By Kavid DorveskyPublished 5 years ago 8 min read
The Book of Baal
Photo by Rui Silva sj on Unsplash

On a Friday night one could make a safe assumption that the university library would be empty by 11:45. Kenna would rather be out at the bar with her friends than stuck at work behind a checkout desk, but on the bright side it gave her an excuse to get her homework done. She had finished her homework for Journalism-448: Information Ethics nearly half an hour ago and was now aimless scrolling through Facebook on a library computer.

While scrolling an add jumped out at her: “Short Story Contest!

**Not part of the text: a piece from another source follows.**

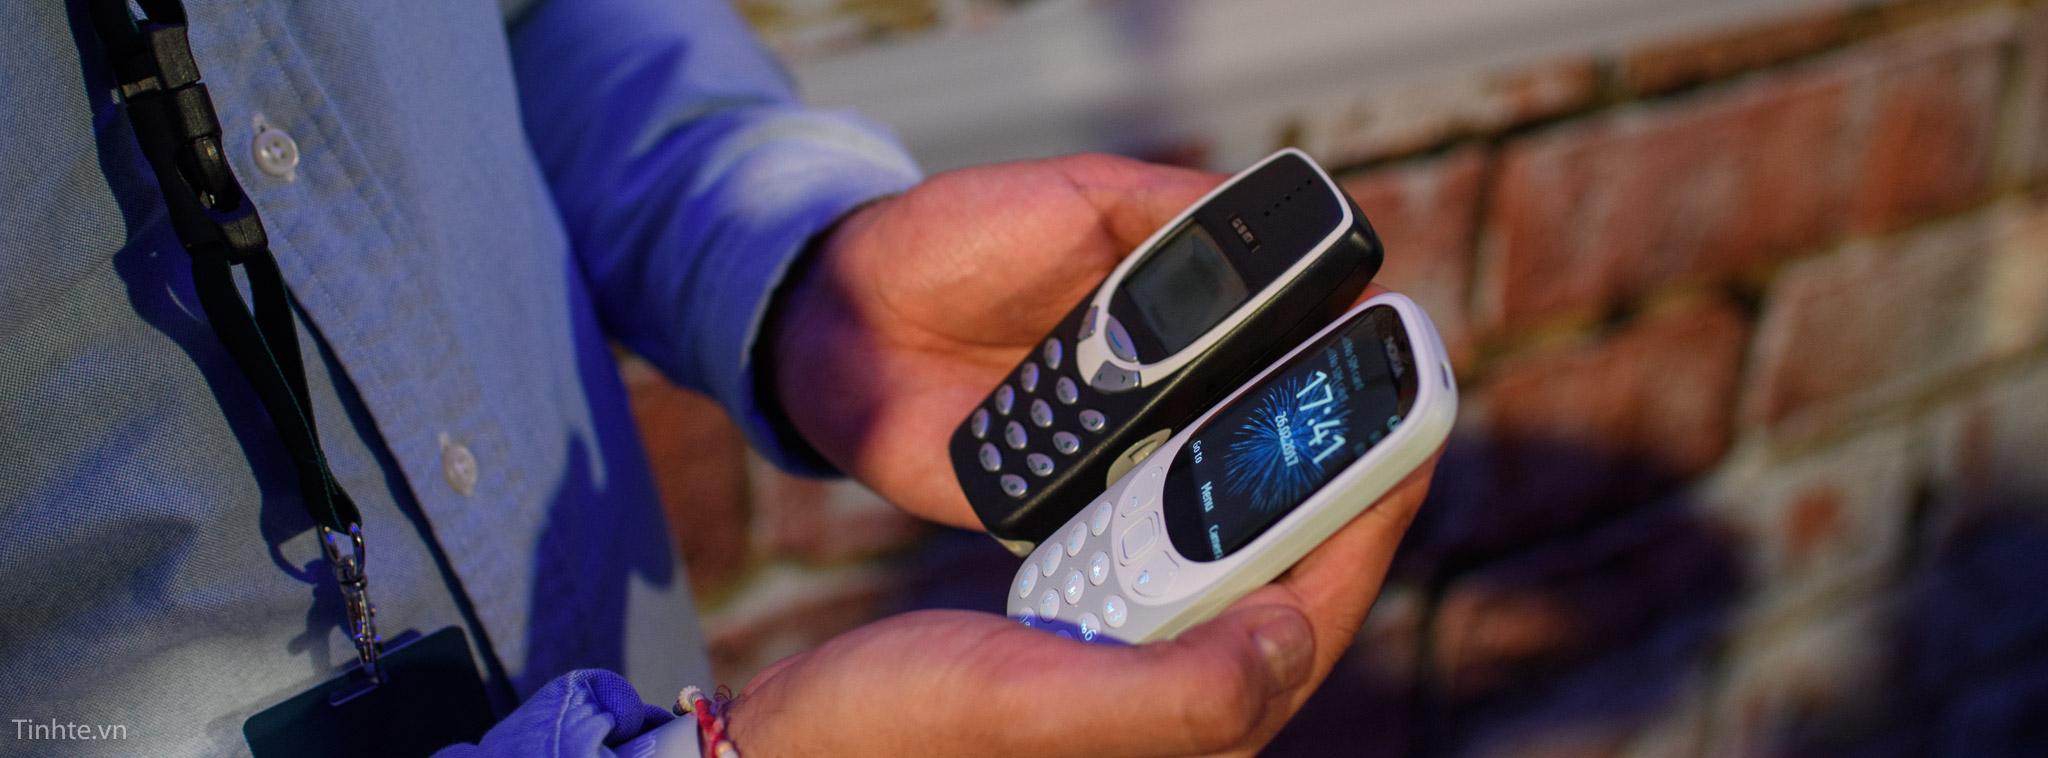 Nokia3310-5.jpg

Grand Prize $15,000”. Fifteen thousand dollars could go a long way for Kenna. It could certainly help cover this semester’s tuition and the less student loans she had to take out the better. The add was probably click bait but intrigued she clicked anyways.

The contest seemed legitimate; however, the deadline was only a week out. There was no way she could crank out a novel short story in that amount of time. She had struggled enough through her creative writing class last spring and would be a bad idea to recycle one of those pieces, they were atrocious.

Kenna’s boredom was interrupted. “Kenna, have you restocked the returns yet?” Called her supervisor, Ms. Hamman.

Kenna rubbed her temples to relieve the headache induced by the computer’s blue screen then closed the internet window. “I’m on it,” she informed as she got up from the chair and grabbed the cart of books sitting next to her that she was supposed to take back hours ago.

After a long hour of lazily returning books to their appropriate shelves, Kenna was almost finished. She looked up at the analog clock hanging on the brick wall. Slowly it was clicking away towards one o’clock, the end of her shift.

One book lay at the bottom of her cart: Religions of the Sumerian Peoples by Karl Gordon, Dewey decimal number 932. Kenna wheeled her cart into the nonfiction section. She scanned the wall of books checking the tiny number placed on the bottom of each book’s spine. She counted 929, 930, 931—between 931 and 933 another book was already in place. A little black book, unmarked.

She pulled the book out carefully. The binder of the book was loose but still safely intact. Its pages were yellowed and beginning to feather. Inside the pages stuck from light brown stains made long ago. The text was handwritten in what appeared to be the red inked penmanship of a middle school boy. The first page of the book was reserved for four words written in large scratchy red letters: The Book of Baal.

Kenna scanned the library to see if anyone was near, but it was still the same empty library it had been all night. How strange it was that the diary of a young boy was sitting on a shelf in a college library. Kenna returned the Sumerian book back to the shelf in the place it belonged between 931 and 933 before going back to her desk to wait out the rest of her shift. She took the little black book with her.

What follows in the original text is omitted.